Salesforce

The Salesforce origin reads data from Salesforce.

When you configure the Salesforce origin, you define connection information that the origin uses to connect to Salesforce, including the API type and version that the origin uses to connect to Salesforce.

You can configure the origin to read data in one or both of the following ways:

When processing existing data, you can configure the origin to query Salesforce at regular intervals. You cannot use repeating queries when subscribed to notifications. When repeating a query, the origin can perform a full or incremental read.

The origin generates Salesforce record header attributes and Salesforce field attributes that provide additional information about each record and field. The origin also includes the CRUD operation type in a record header attribute so generated records can be easily processed by CRUD-enabled destinations. For an overview of Data Collector changed data processing and a list of CRUD-enabled destinations, see Processing Changed Data.

You can optionally use an HTTP proxy to connect to Salesforce.

The origin can also generate events for an event stream. For more information about dataflow triggers and the event framework, see Dataflow Triggers Overview.

Query Existing Data

The Salesforce origin can execute a query to read existing data from Salesforce. Use the Salesforce Object Query Language (SOQL) to write the query.

When you configure the origin to query existing data, you specify whether the origin uses the Salesforce Bulk API or SOAP API to read from Salesforce. The Bulk API is optimized to process large sets of data. The SOAP API supports more complex queries, but is less practical when processing large sets of data. For more information about when to use the Bulk or SOAP API, see the Salesforce Developer documentation.

If the origin uses the SOAP API or uses the Bulk API version 39.0 or later, you can configure the origin to retrieve deleted records from the Salesforce recycle bin.

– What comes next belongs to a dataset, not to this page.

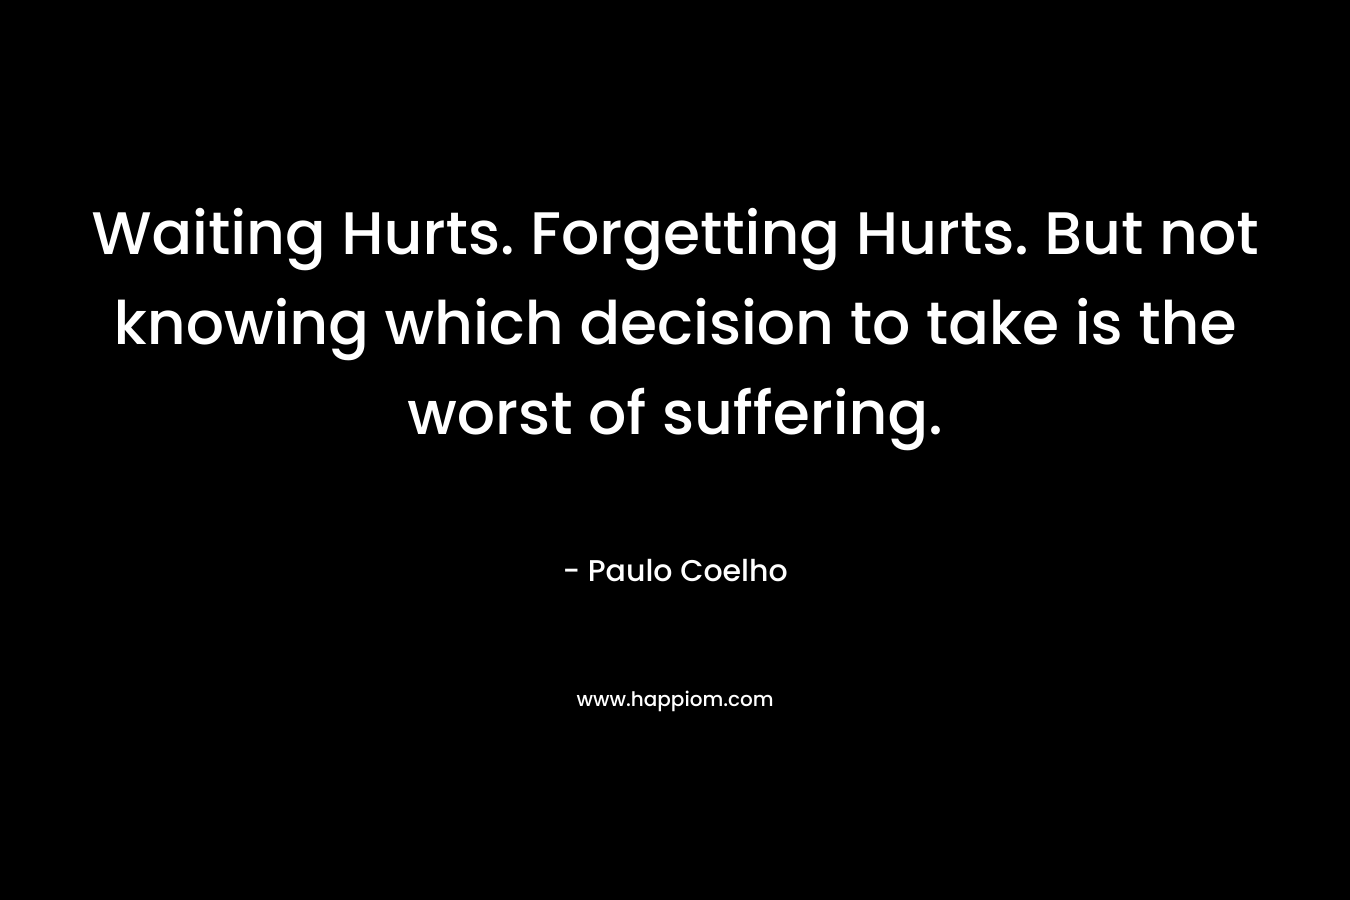 Waiting Hurts. Forgetting Hurts. But not knowing which decision to take is the worst of suffering.
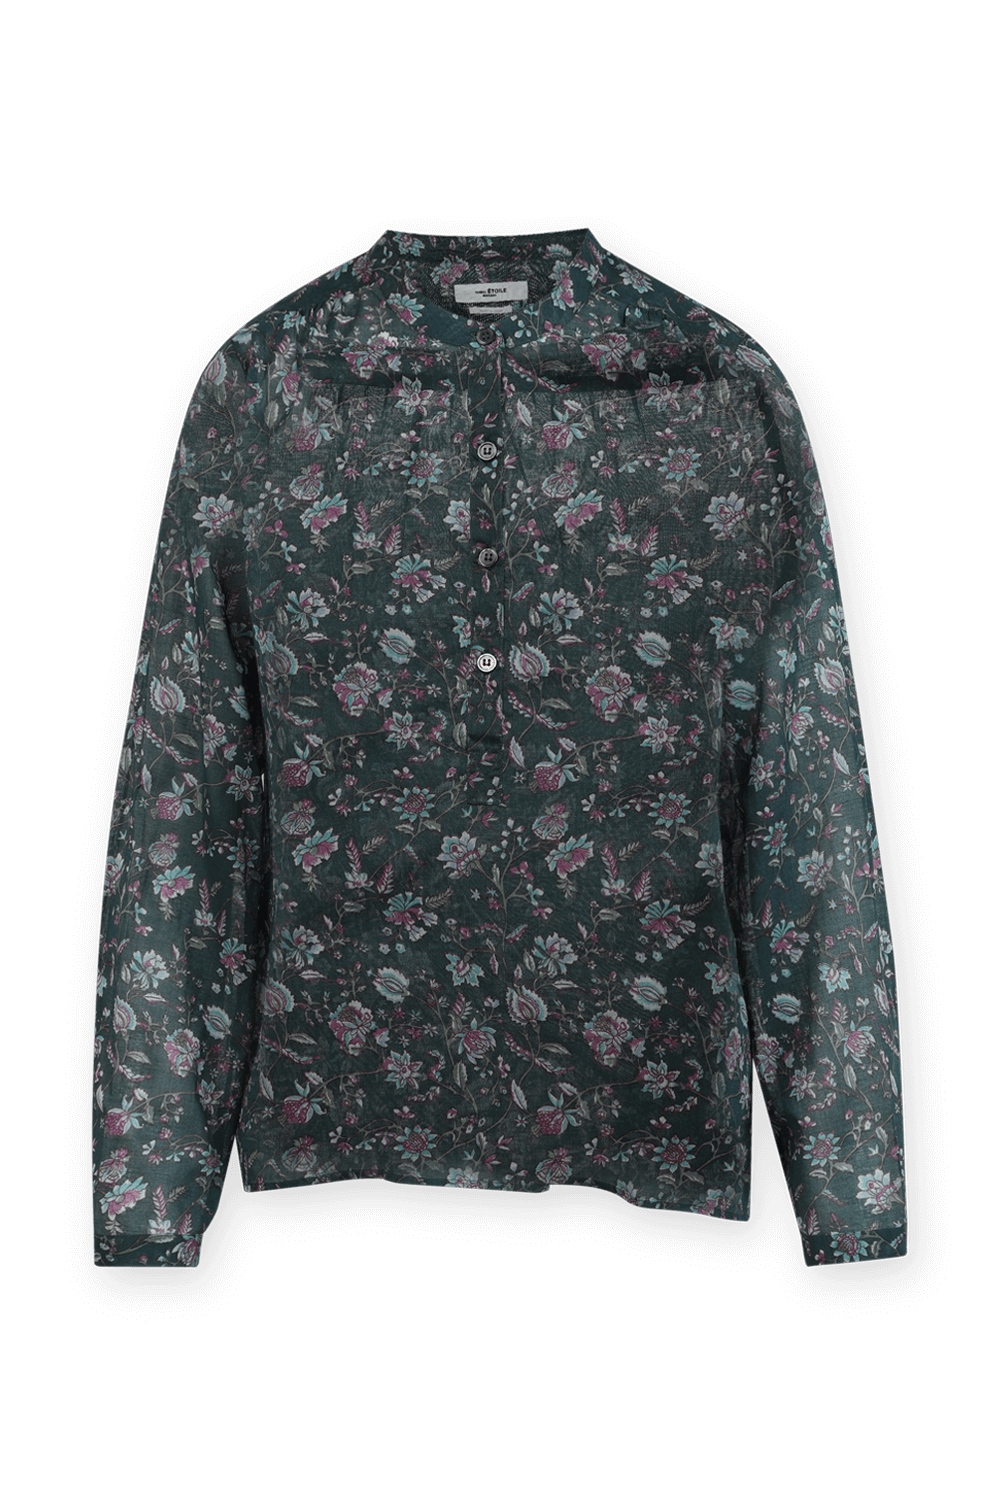 Maria Flower Print Shirt in Green and Pink ISABEL MARANT

The Salesforce origin uses an offset field and initial offset value to determine where to start reading data within an object. Include both the offset field and the offset value in the WHERE clause of the SOQL query. By default, the offset field is defined as the Salesforce Id field. The Id system field contains a unique identifier for each record in a Salesforce object. The initial offset value is a value within the offset field where you want the Salesforce origin to start reading.

If you configure the origin to query existing data but not to subscribe to notifications, you can configure the origin to run the query once or to repeat the query. When running the query once, the pipeline stops when it finishes reading all data from the Salesforce object. If you start the pipeline again, the origin uses the initial offset value to start reading, reading the entire set of existing data again.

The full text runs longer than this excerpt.